In this year’s competition, the Yankees are paying lip service to Romine’s chances but are not actually treating him like a contender for the job. Montero has been afforded many more opportunities than Romine to showcase his game, with almost twice as many at-bats (33 to 18) and more innings behind the plate ( 12 games, 8 starts, 61 innings for Montero, 9 games, 3 starts, 40.1 innings for Romine). While the club continues to talk up Romine’s candidacy, their actions clearly state that the job is Montero’s, barring injury.

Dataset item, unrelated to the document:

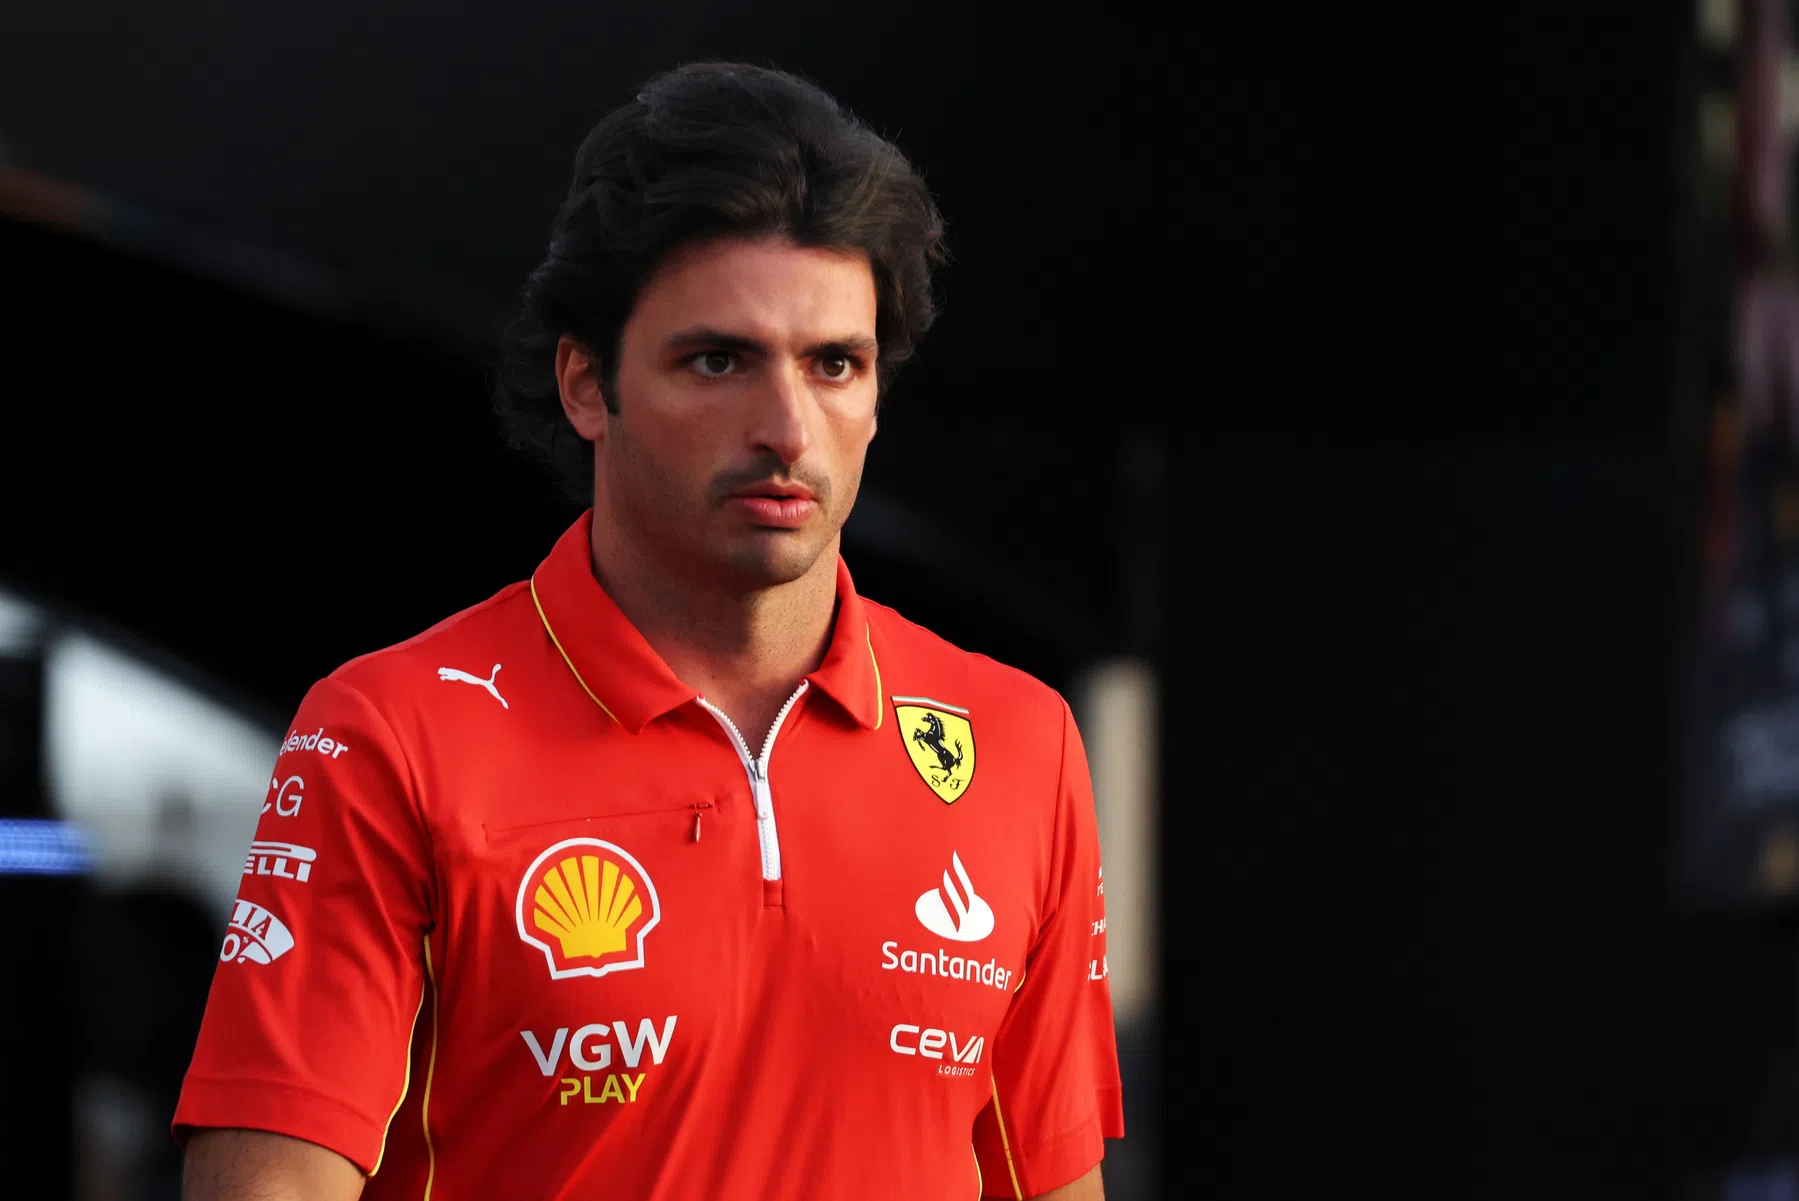 Selon Ferrari, Sainz reprendra le volant à Melbourne

It seems that once again the Yankees are trying to convince everybody that a competition exists so as to push a player to continue working hard despite his status as a near lock to make the club. Once Francisco Cervelli went down, Montero became the only viable option for the backup catcher spot, so the Yankees created a fictional position battle to make sure that he would not relax with his primary competitor on the disabled list. Much like in the Hughes situation, unless Jesus totally embarrasses himself on the field or does something off the field that shows a lack of commitment, the backup job is his.
That said, I do think that Montero is actually competing with someone: Francisco Cervelli. If Montero starts tearing the cover off the ball once the regular season starts and is adequate behind the plate, he could make it very difficult for the Yankees to send him down once Cervelli is healthy. However, if he continues to struggle with the bat or does extremely poorly as a receiver, it is highly likely that Jesus will be sent back to AAA to continue his development and Cervelli will recover his roster spot. Considering how young Jesus is and the questions about his defense, I expect Cervelli to reclaim the backup catcher’s spot, at least temporarily, at some point in the season’s first few months.